= Joseph of Chauncy =

13th-century English religious knight

Joseph of Chauncy (before 1213 – after 1283), also known as Joseph of Cancy, was an English religious knight. He was Grand Prior of the Knights Hospitaller in England from 1273 to 1281. He served as Royal Treasurer of the Order from 1273 to 1280.

== Origins ==
Joseph of Chauncy was a younger son of an Anglo-Norman noble family who held estates in Yorkshire and Lincolnshire. He entered the Order of St John before 1233. After 1233, but no later than 1238, he joined the Knights Hospitaller at Acre in Palestine. Before 1248, he became Treasurer of the Order. During this period, the Christian Crusader states in Palestine were being pushed back by the Muslim empires, first the Ayyubids and later the Mamluks. In 1270, the English heir to the throne, Lord Edward, undertook a Crusade in support of the hard-pressed Crusader states. To meet the high costs of what is now known as Lord Edward's Crusade, the future king had to borrow large sums of money. Part of the money was guaranteed by the Order of St. John, and Edward probably came into contact with Chauncy. Around 1271, he resigned as Treasurer of the Order.
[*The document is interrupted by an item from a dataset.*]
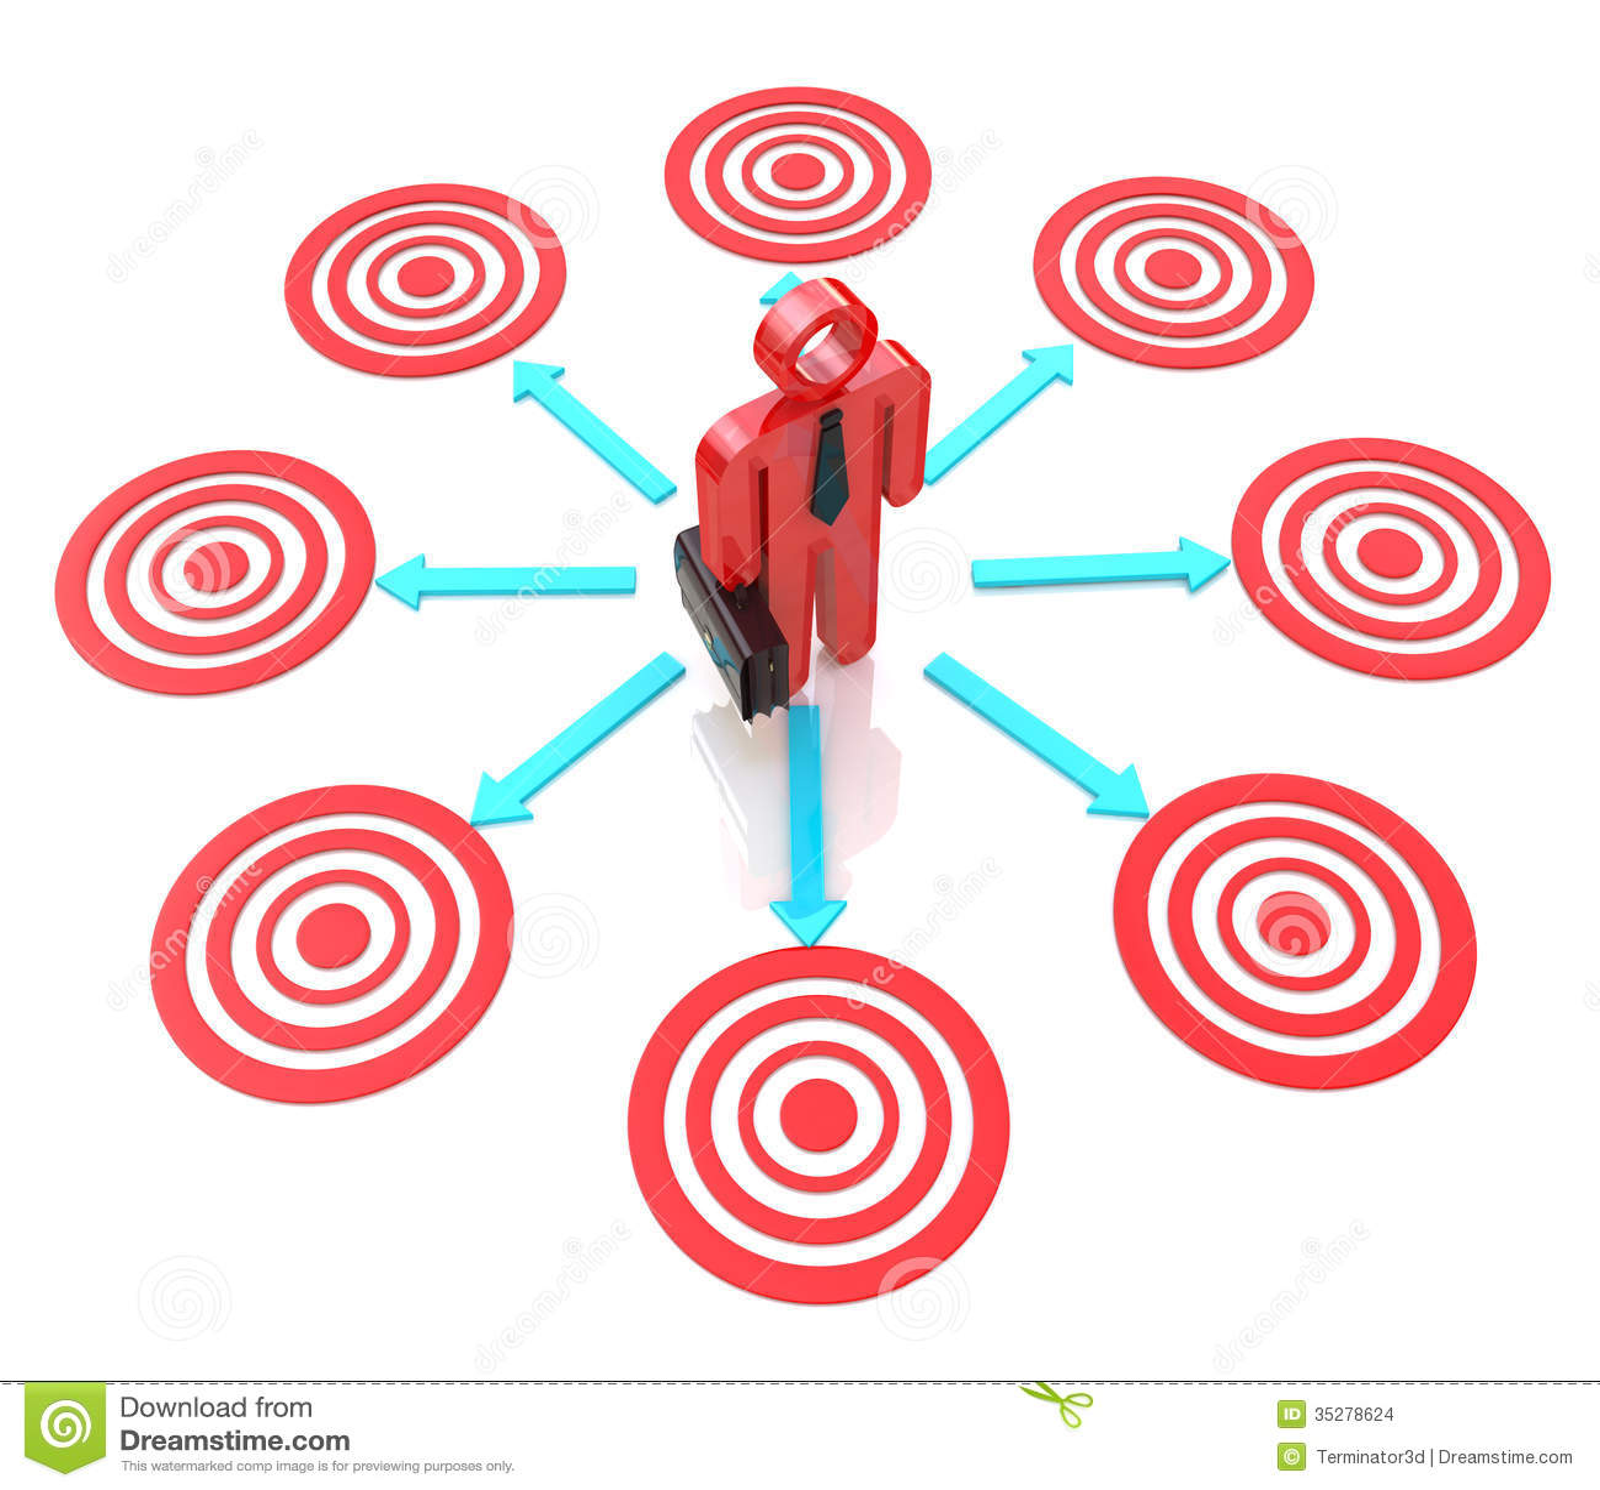 Target Corp in Retailing

== Grand Prior of England and Royal Treasurer ==
While Edward was still on the return journey from his Crusade, he learned that he had become English king after the death of his father, Henry III of England. Even before his return to England, in October 1273, he appointed Chauncy as his new Treasurer, who became Grand Prior of the Order in England for this purpose. However, while Edward initially traveled to France, Chauncy now returned to England. From March to September 1274, he received a royal letter of protection for a foreign journey, presumably he took part in the Second Council of Lyon. By the spring of 1273, he had settled the debts of the king to foreign merchants during the fair at Provins, and before 1275 he settled further debts at another place called Myli. During the Parliament at Westminster in April 1275, it was decided to impose a duty on wool exports. The proposal came from Chauncy, who had taken the idea of the Italian merchant Poncius de Ponto. The duty was collected directly from Italian merchants in the ports. The revenue from the duty, which amounted to about £10,000 annually until 1279, was set off directly against debts owed by the Crown to Italian merchants. As Grand Prior of the Order of Saint John, he had a chapel built at the Clerkenwell Priory in London, the Order's seat in England.

== Impact on Jews ==
During Chauncy's tenure as Treasurer, English Jews were further burdened for this purpose. On 9 December 1273, he ordered all English Jews to come to the principal towns in the counties and remain there until Easter 1274. In case of non-appearance he threatened them with the death penalty as well as expropriation, presumably he demanded a high tax, the tallage, from the Jews. The Statute of the Jewry issued in 1275 forbade Jewish money lenders to charge usurious interest. In the run-up to Edward I's coinage reform, 29 Christians and 269 Jews were executed in London alone between 1278 and 1279 for alleged coinage debasement. To what extent Chauncy was partly responsible for this policy cannot be proven. Above all, he was probably an able administrator, but he was also one of the highest-ranking officials in the empire. Thus he had close contact with the king, who was also encouraged in this stance by his anti-Jewish wife Eleanor of Castile, by his mother Eleanor of Provence, and by his chancellor Robert Burnell. Chauncy himself acted as a moneylender to Christians on a small scale.

== Return to the Holy Land ==
Chauncy was also preoccupied in England, as was the king, with the question of how to help the hard-pressed Crusader states in the Holy Land. Around 1280, he resigned his offices as Treasurer and as Grand Prior of England and returned to Acre. There he acted as the vicar of Patriarch Elias Peleti. In letters he reported to Edward I on the situation on the ground. In 1281, he wrote a detailed account of the victory of the Mamluks over the Mongols in the Battle of Homs. Edward's response to Chauncy has also been recorded. Later, in 1283, Chauncy described in a letter to Edward I the difficult situation of the Christians in the Holy Land. The year of his death is unknown.